Oil prices were modestly higher on Thursday thanks to continued supply cuts by OPEC and ongoing sanctions against Venezuela and Iran by the United States. Prices were prevented from rocketing higher by a rise in U.S. crude output. According the weekly report released by the Energy Information Administration (EIA) yesterday, U.S. inventories rose by 7.1 million barrels to 452.93 milllion barrels. The country’s crude oil production is also at record highs, hitting 12.1 million barrels per day, more than 2 million barrels per day more than its production in early 2018.
U.S. WTI futures were up 0.07 percent as of 2:16 p.m. HK/SIN to $52.26 per barrel. Brent crude futures were up 0.21 percent to $66.13 per barrel.

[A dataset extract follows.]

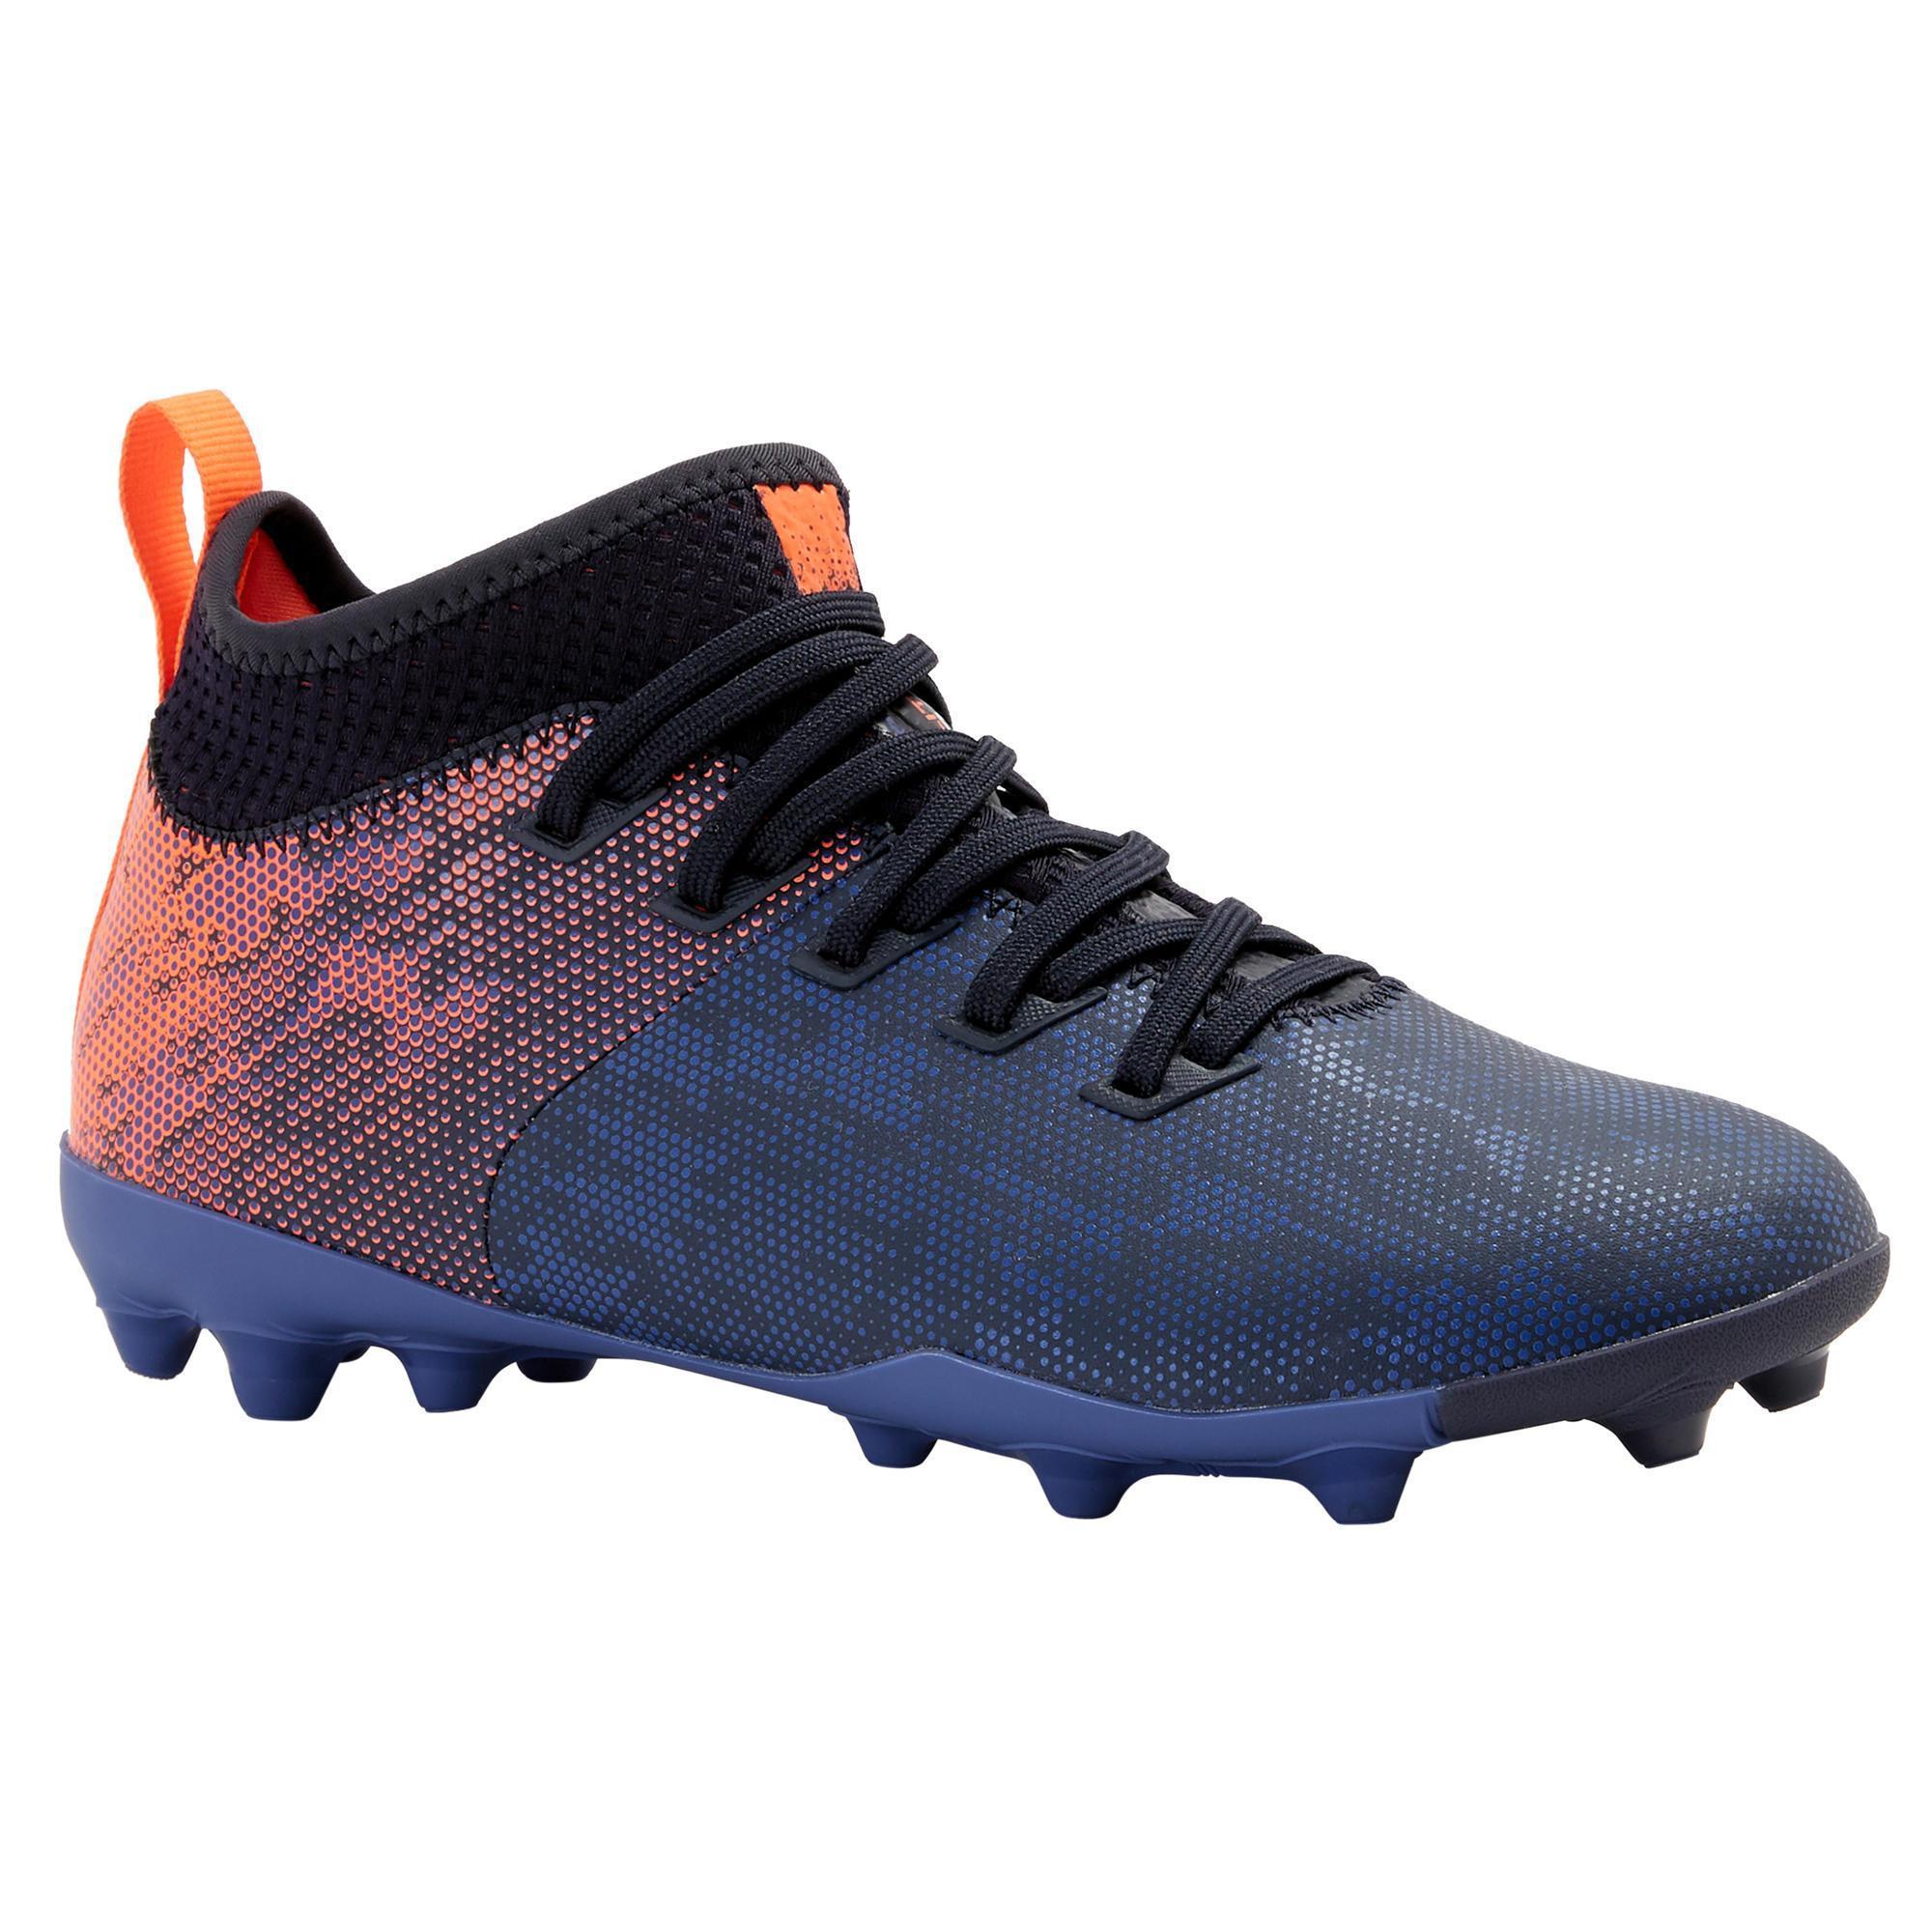 Football Shoes Hong Kong | Soccer Boots

On Wednesday, oil giant Exxon Mobil issued new financial guidance, revealing that its profit potential and ability to generate cash are looking better than they did last year. The company’s stock price has gained 16 percent this year, but it has been struggling recently, and it fell 1 percent yesterday as investors worried about increased spending in the coming years. Exxon’s strategy contrasts that of many other oil drillers who are increasing output while decreasing spending. The company expects earnings to increase by $4 billion in 2019 and has set forth it’s expectation that earnings potential will increase by 140 percent between 2017 and 2025.
Currency Markets
The currency markets were relatively unchanged on Thursday afternoon. The dollar index was up 0.01 percent to 96.88 .DXY. The greenback was down 0.01 percent against the yen to 111.74, and it was down 0.05 percent against the British pound to $1.3176. It was unchanged against the euro and the Canadian dollar.